If you’re starting with a ton of unsorted photos, upload them into Google Photos. Google may be able to scrape some metadata (information about the picture) and provide some initial organization by year.
Create albums organized by year for immediate organization.
Example: Year — Year in Review
You can use any kind of verbiage to replace “Year in Review.” When I am looking through Google Photos and see this tag, I know that this particular album is from a certain year but does not have any organization to it beyond date. As long as the naming convention is consistent, it doesn’t matter the language you use.
The further back in time you go, the less photos you likely have to share, especially prior to the advent of phone cameras (around 2007-8 or so).
You can later go back and use the organization and naming convention described below.
To organize your photos on a go-forward basis, use a standardized filing and naming convention each time you add new photos to Google.
Consistently apply this method to albums created for general home photos, trips, multiple cities, and events.

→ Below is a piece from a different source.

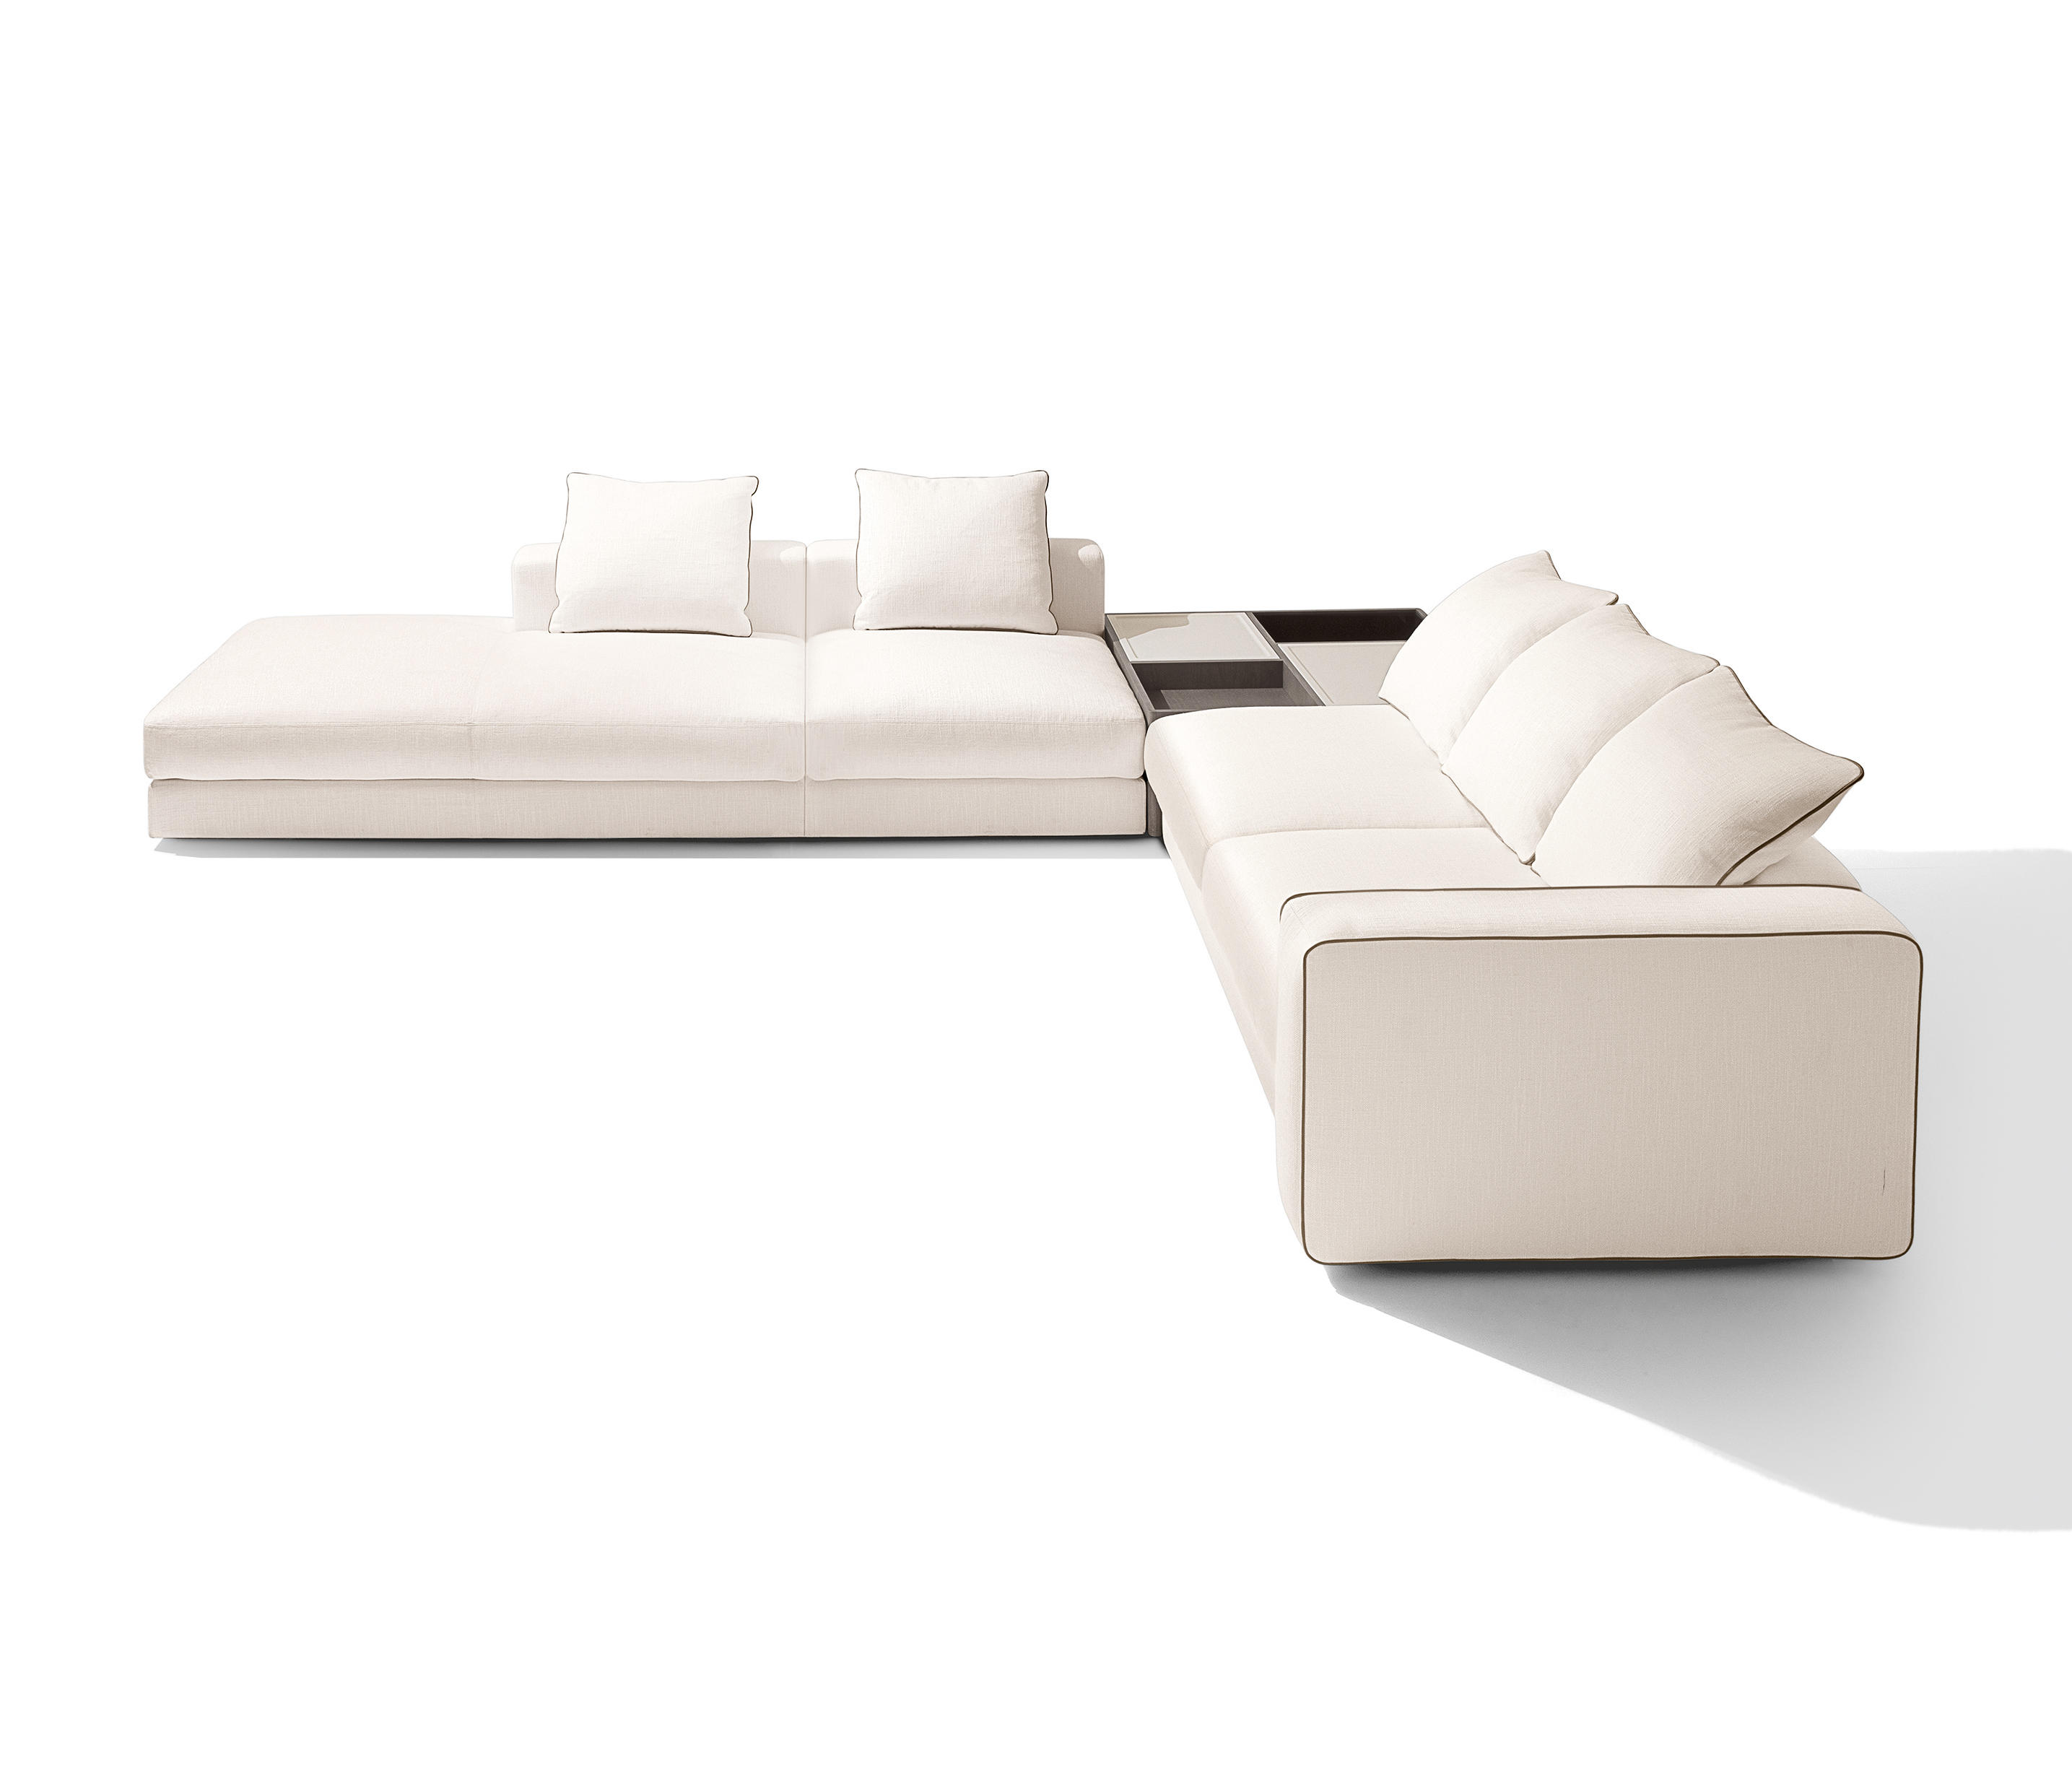 radical agrio Hacia abajo Skyline Sofa & muebles de diseño | Architonic

It may take time to make a habit of it; have a friend or family member remind you if they see shared albums look disorganized.
General naming convention for photos taken at home
Country Name + Year — Home City Name — Home
Example: USA 2020 — San Francisco — Home
Trip naming convention
Country Name + Year — City Name
Example: France 2020 — Paris
Multiple cities within a region naming convention
If you visit multiple cities within a given region, but there aren’t enough photos to justify an entire album, put everything into one album.
Use the naming city convention displayed above and list all the other cities in the region that are featured within this particular album.
Event naming convention
Ex. Country + Year — Event Description, Location
Same city, multiple cameras types naming convention
For the more pedantic among us: if you use multiple cameras with different resolution levels (iPhone camera vs. a Nikon) create two separate albums with the same naming convention above + camera name. Due to the difference in photo resolution, a dedicated album for the higher resolution photos makes finding and sharing these photos much easier.
Use these naming conventions on an ongoing basis. If you have the time, you can go back and create albums.
The most important takeaway: having photo organization makes finding and sharing your photos much simpler.
One thing I don’t love about the Google Photos platform is that you can’t remove a single person in that album. To delete a member of the album, you have to delete the album and re-share it out to the group.
Finding photos of a particular person: create an auto-update album on your travel companions and family members.
Google’s artificial intelligence auto update detects changes to your account. Create a folder for a specific person (see directions below). Every time you add a photo to Google Photos, Google will recognize that there is a new photo, detect who is in the image, and automatically add it to the appropriate album.
For family members: You can share this album to the broader family. This creates an automatic archive of photos of a particular person.
How to create an auto-update album:
- Click “Albums” on the left hand navigation
- On the top navigation, click “People & Pets”
- Select a particular person’s image — We will choose “Sophia” for this example
- Click Sophia’s image
- Edit the name of this person next to the photo thumbnail
- A list of all the photos (up to 20,000) will appear of this person
- Click “Share as Album”
- Google will create an album
- Name it “[Name of Person] – Auto Update Album”
- Optional: Send it that person or a group of people
On a go-forward basis, Google will add every new photo you add to Google Photos to a particular person’s album. Google automatically sends a notification to anybody that is part of that album.
A benefit in this approach:
- You don’t have to remember to send friends and family pictures.
- You have an entire archive of a single person’s photos.